Trigger warning: vulgar reference to reproductive anatomy. Oh, and National Poetry Month continues with Shakespeare’s Sonnet 73, That time of year thou mayst in me behold.
Thanksgiving Day is a purely American holiday. OK: it’s a harvest holiday, and practically everybody has a harvest holiday. But, it’s ours, and we love it. An American who is not with family and friends on Thanksgiving Day is a lonely American; les Amerloques will travel amazing distances and spend enormous amounts of money just to spend the last Thursday in November with their families, and then head back to wherever they normally are 48 hours later.
I studied literature and linguistics at a college in a little town in rural Virginia. Nobody was from there, so essentially the entire student body left to go home for the holiday. Thanksgiving Day is the last Thursday in November (I know I already mentioned that, but it seems weird enough to be worth repeating), and you have to leave a couple days before that to get home–but, when, exactly, can you leave? The college’s rule was this: classes ended at noon on Tuesday, and then you could do as you wished.
Classes ended at noon, and I had a class at 11. I was going nowhere, and I was a more-than-obsessive student, so you can bet your ass that I was there at 11. (You can bet your ass that explained in the English notes below.) Me–and the professor. And nobody else.
If I were that professor today, I would just take that student out for a cup of coffee and make them teach me about logarithms, I suppose. But, I’m a fat old bald guy who will be retired in the blink of an eye (English notes, don’t worry), and my professor was a young guy in need of tenure. He shrugged his shoulders–and taught me.

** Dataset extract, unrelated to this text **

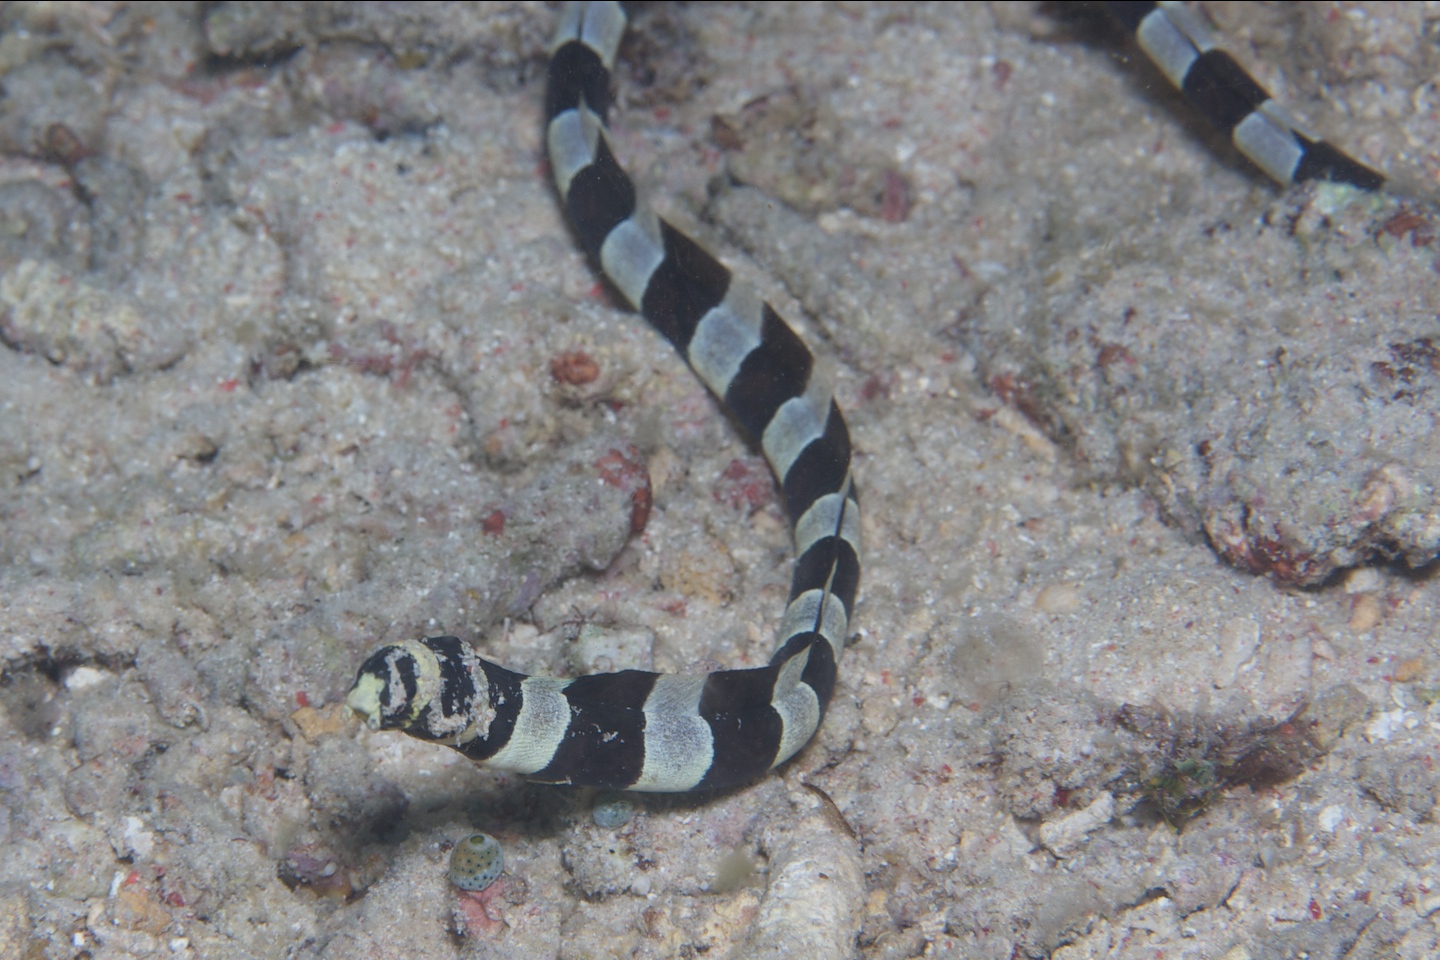 Banded snake eel

No, he didn’t lecture: I sat at a desk, he sat on the desk, and he taught me how to do a “close reading” of a poem. There must be a technical definition of close reading–my understanding of it is: look up every fucking word. Do that, and you are likely to be surprised at the connections that you see, the networks of words, the multiple champs lexicaux in the poem–maybe one was obvious to you, but there are probably more than that, and noticing them is part of the pleasure of the whole thing. (Taking pleasure in analyzing a poem to death might be another one of those reasons that I get divorced so often.)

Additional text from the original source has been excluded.